Similarly, we can build a strategy to get taxonomic information of bacteria quickly for forensic studies [19, 20] to save time for a criminal investigation. This approach will be also helpful in developing countries where the cost of computing resources is relatively heavy.

Methods

Mock community

The mock community with 10 bacteria strains was prepared and their mixed genomes were shotgun sequenced by Hiseq. (Table 4) They are the identical data prepared for a study of Shin S [21].

Table 4.

Strains of the mock community

- Roseobacter denitrificans OCh114
- Staphylococcus epidermidis ATCC
- Polaromonas naphthalenivorans CJ2
- Chromobacterium violaceum ATCC 12472
- Corynebacterium glutamicum ATCC 13032
- Klebsiella pneumoniae KCTC 2242
- Pseudomonas stutzeri ATCC 17588
- Arthrobacter chlorophenolicus A6
- Escherichia coli Strain W
- Escherichia coli KCTC 2571

Open in a new tab

Then, we selected only small parts from the original full sequences (1,220,000 reads), which were named as “sample sequence set”s or “sample”s. We generated 176 different samples, in total, that are in 11 different sample sizes. For each sample size, we tried 16 different sampling methods. (176 = 11 × 16) The minimum size of the sample was 100 reads (10,100 b) and the maximum size of the sample was 50,000 reads (5,050,000 b).

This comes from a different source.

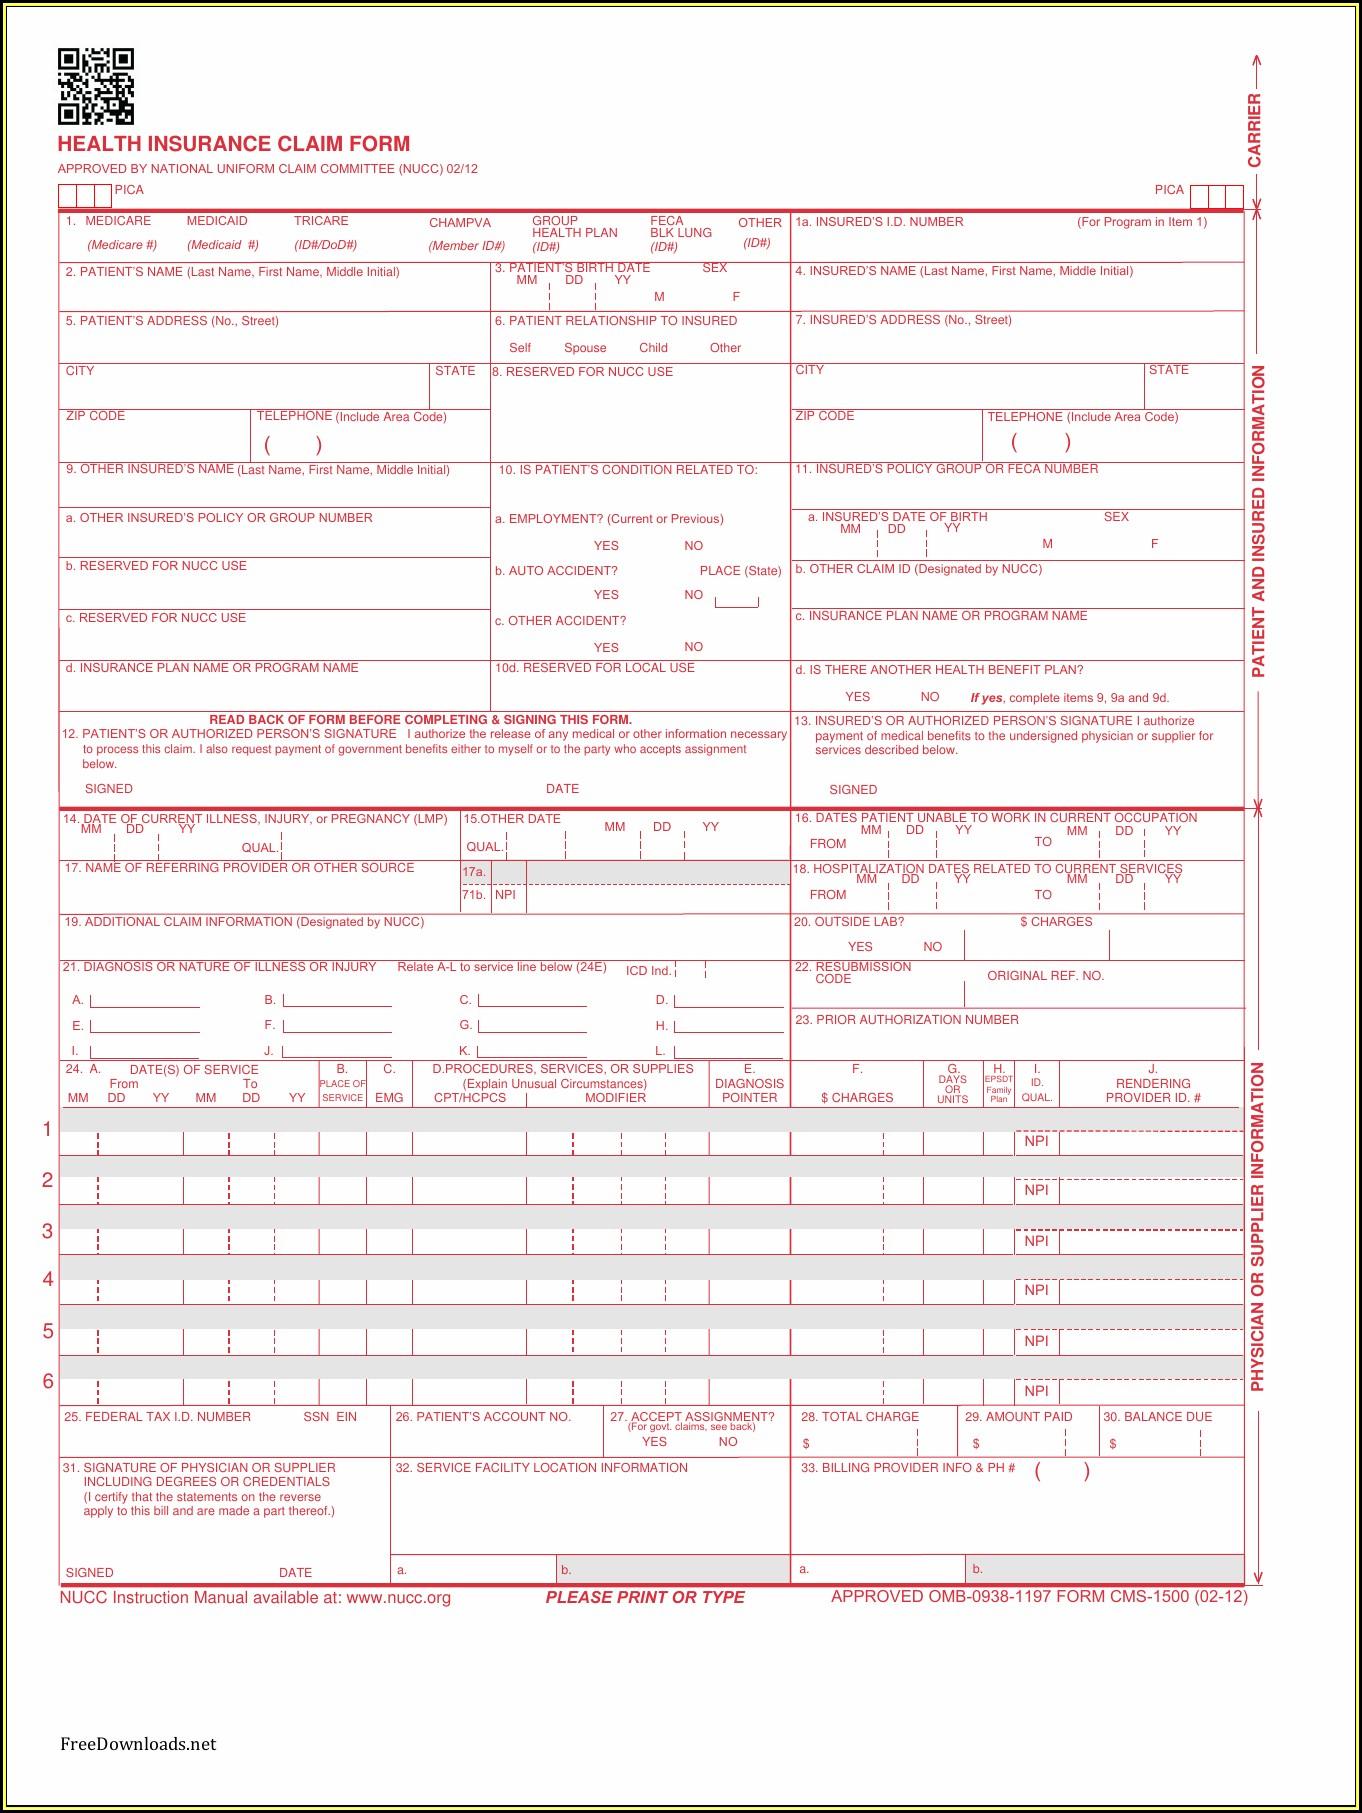 Form Cms 1500 Pdf
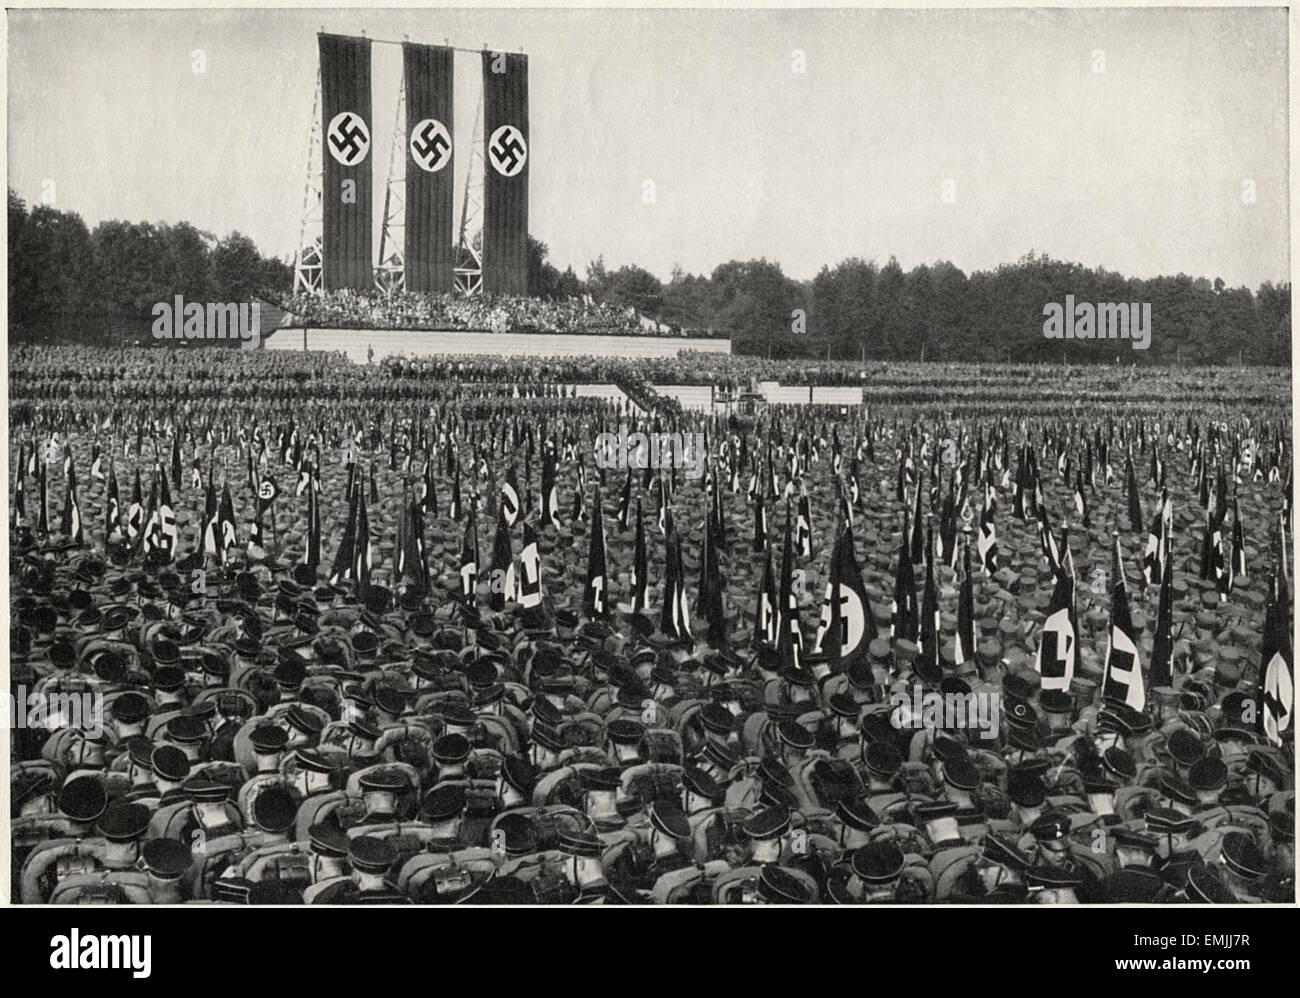 German SA Troops at Rally, Nuremberg, Germany, 1933 - Stock Image

The sampling methods are categorized as 4 selection types, which are:

Selecting the reads from the start, after skipping K number of the reads
Selecting the reads from the end, after skipping K number of the reads
Selecting the reads from uniformly distributed positions, after skipping K number of the reads
Random selection of the reads

We tried 4 different “K number”s for each type. The random selection was tried for 4 different random seeds. Therefore, the 16 different sampling methods applied to each size of the samples.

To review the samples, we calculated GC content, which is one basic way to know the quality of each sample [22].

To get information about taxonomic annotation, we performed a simple BLAST search for the entire sequences of the mock community with respect to the reference genome databases of the strains [23]. BLAST is a widely used software that can search a query sequence out of a reference genome database. Therefore, if there is a given read of metagenome sequences, a researcher can perform a search to know whether it is found as a hit in a reference genome database or not. In this study, BLAST 2.3.0+ was used, with E-value option of 1e-10. The reference genome databases were downloaded from GeneBank [24].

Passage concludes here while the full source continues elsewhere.